[Data records Boundary: Start]

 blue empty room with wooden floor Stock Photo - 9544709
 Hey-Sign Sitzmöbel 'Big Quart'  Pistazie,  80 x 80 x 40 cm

[Data records Boundary: End]
[Data records Boundary: Start]

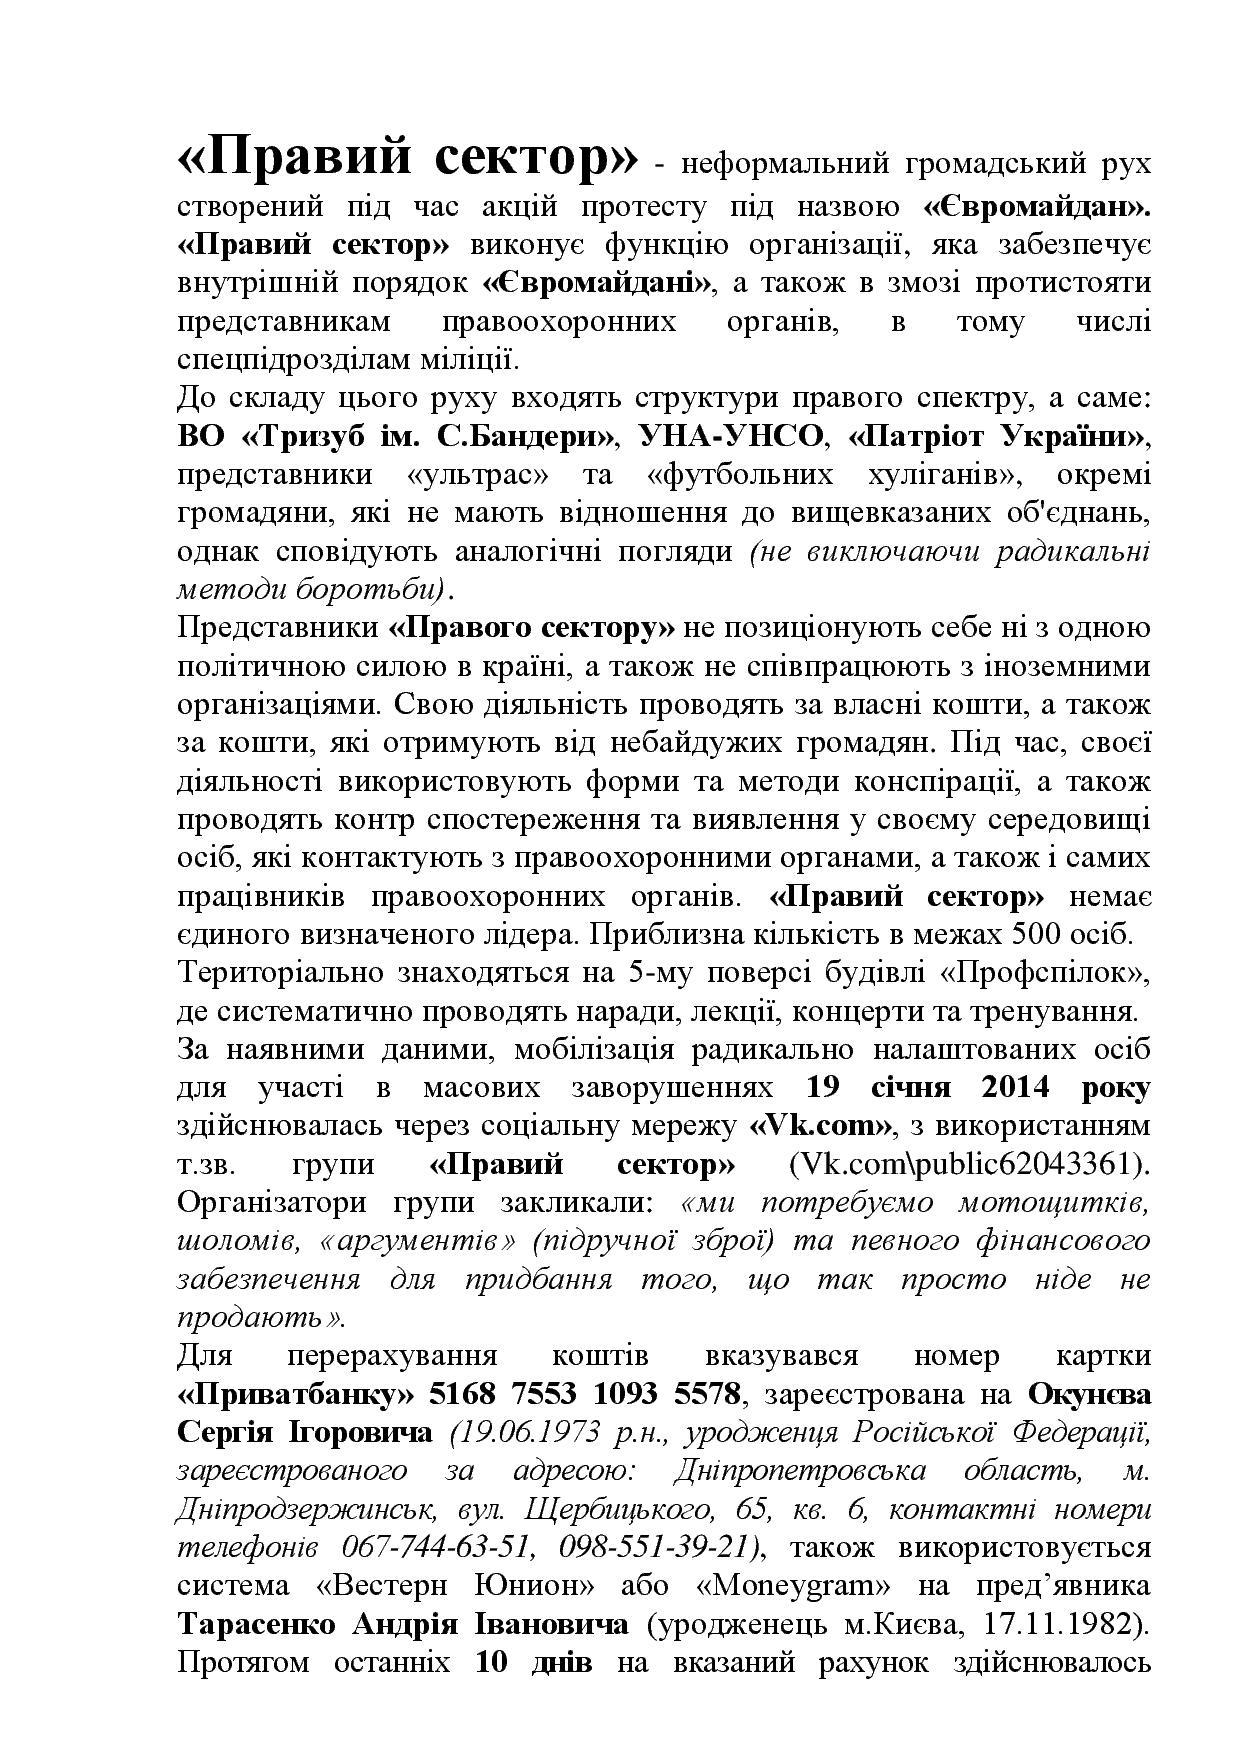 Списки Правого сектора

[Data records Boundary: End]

**Task objective**
Begin with the line above that has "blue empty room" and continue through the line that has "Hey-Sign Sitzmöbel 'Big", setting each one down exactly. Stop there.

**Answer box**
 blue empty room with wooden floor Stock Photo - 9544709
 Hey-Sign Sitzmöbel 'Big Quart'  Pistazie,  80 x 80 x 40 cm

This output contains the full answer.